The northern coast of the São Paulo state extends for 161 kilometers, encompassing 164 beaches and 17 islands, receiving about one million visitors in the peak season (January and February). The city of Caraguatatuba - the most populous, with approximately 80,000 people - receives some 500,000 tourists in the summer, generating about $20 million in revenue, or 25 percent of the city's annual budget. The largest areas of continuous deforestation along the northern coast coincide with real estate enterprises in the area. Untreated sewage pollutes the beaches, and the construction of vacation homes, hotels, resorts, and other amenities creates additional pressure on the Atlantic Forest.
Introduction of Alien Species
Apiculture involving alien species, particularly Apis mellifera, often interferes with the ecology of native bees and threatens dozens of native bee species. Riparian fish hatcheries also threaten biodiversity in the area, since exotic species often occupy the niches of native species. At least 16 exotic fish species are thought to be present in the rivers of the Paraíba do Sul valley.

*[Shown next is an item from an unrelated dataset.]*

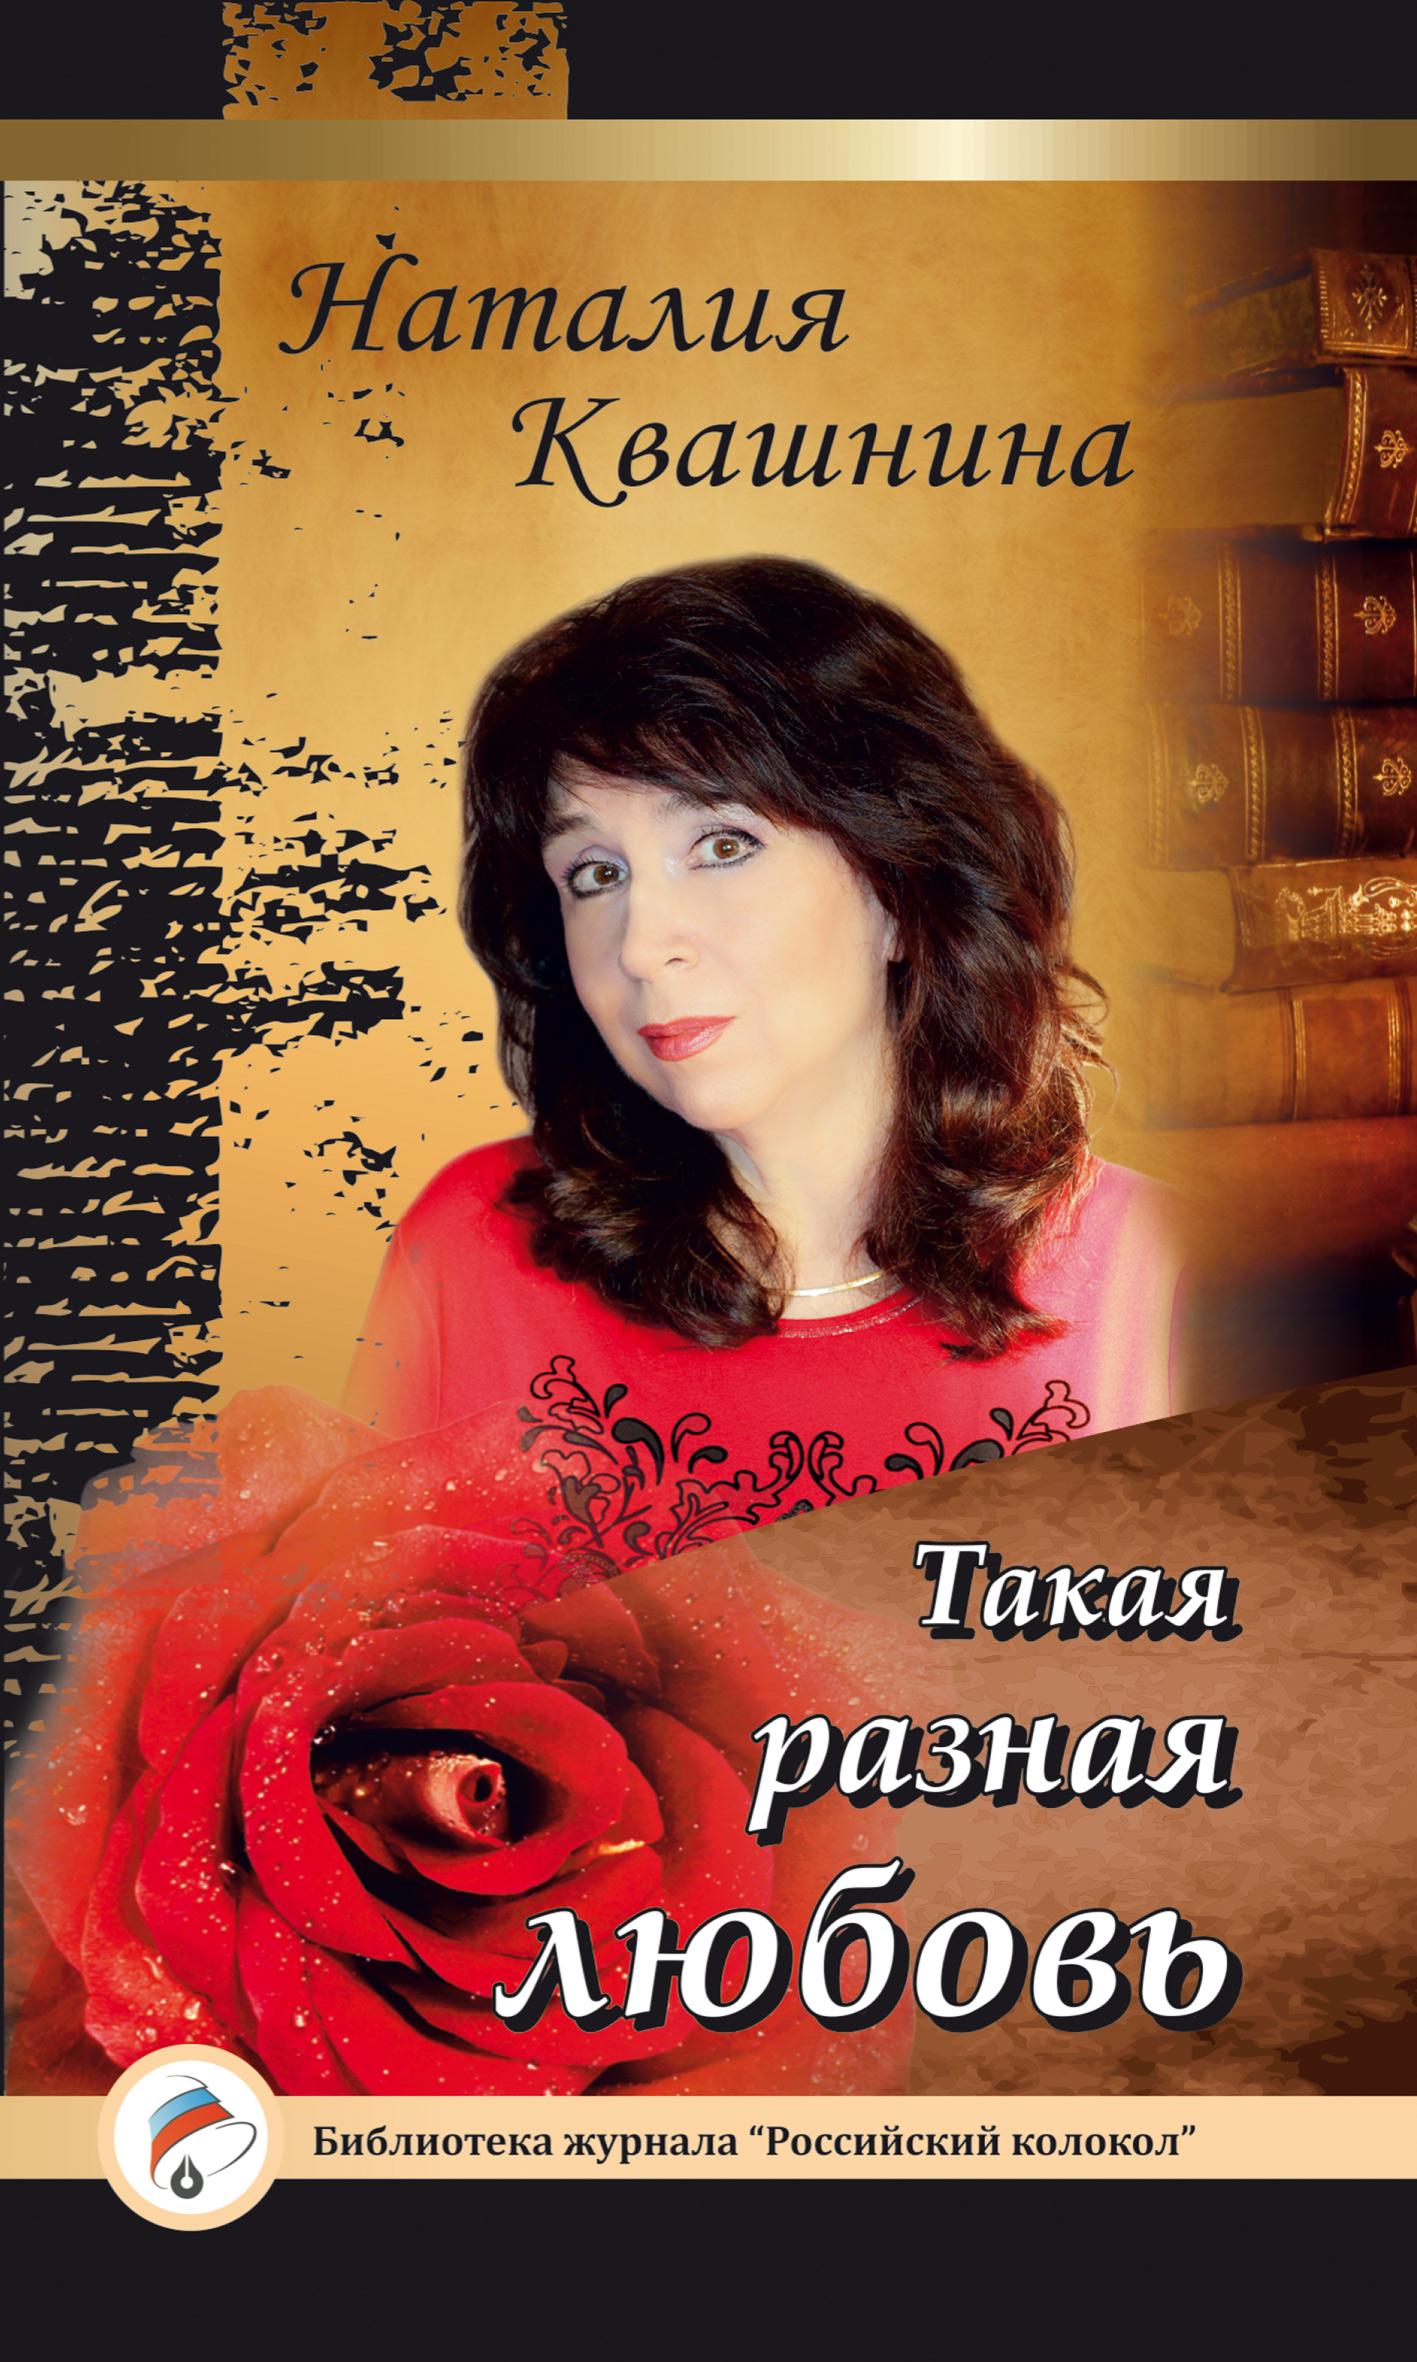 Наталия Квашнина Такая разная любовь наталия квашнина откровение isbn 978 5 906784 53 7

In highland areas, trout are intentionally released in estuaries, or escape from trout farms, and compete with native species.

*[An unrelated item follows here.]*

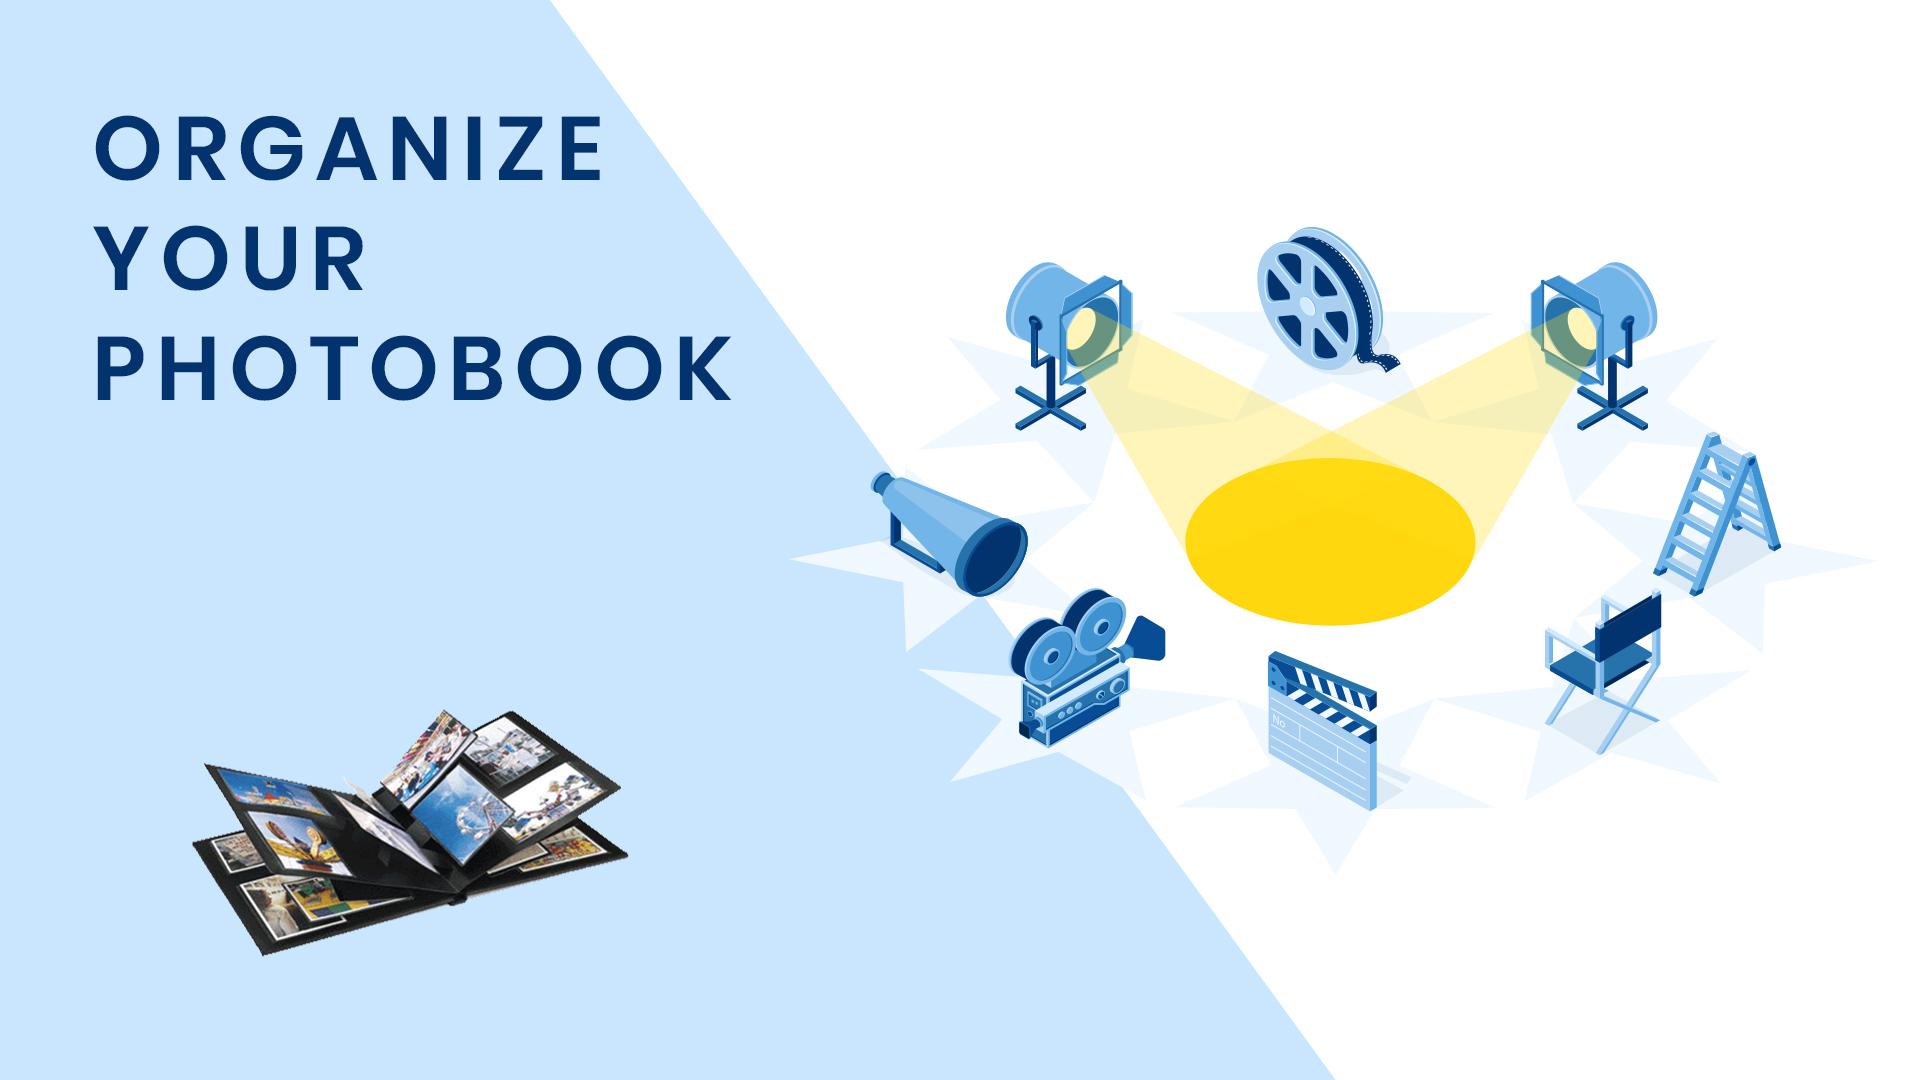 Top Creative Ways To Organize Your Photobook

Many domestic animals are intentionally released in the forest by their owners, sometimes displacing or competing with local species. This seems to be the case, for example, with the tamarin Callithrix jacchus- native to the northeast, but now occurring in Rio de Janeiro and competing with the threatened and endemic golden lion tamarin ( Leontopithecus rosalia.
The adaptation power of ornamental plants introduced on properties near forest remnants makes them potentially threatening to native flora. This is the case, for example, with Impatiens balsamica, an exotic species colonizing the banks of of streams and creeks. There is also a proliferation of exotic tree species, such as almond trees, casuarina, and leucena - highly resistant species with great capacity for dispersal. Cultivation of these trees around lagoons has threatened mangroves as a result of competition for sunlight.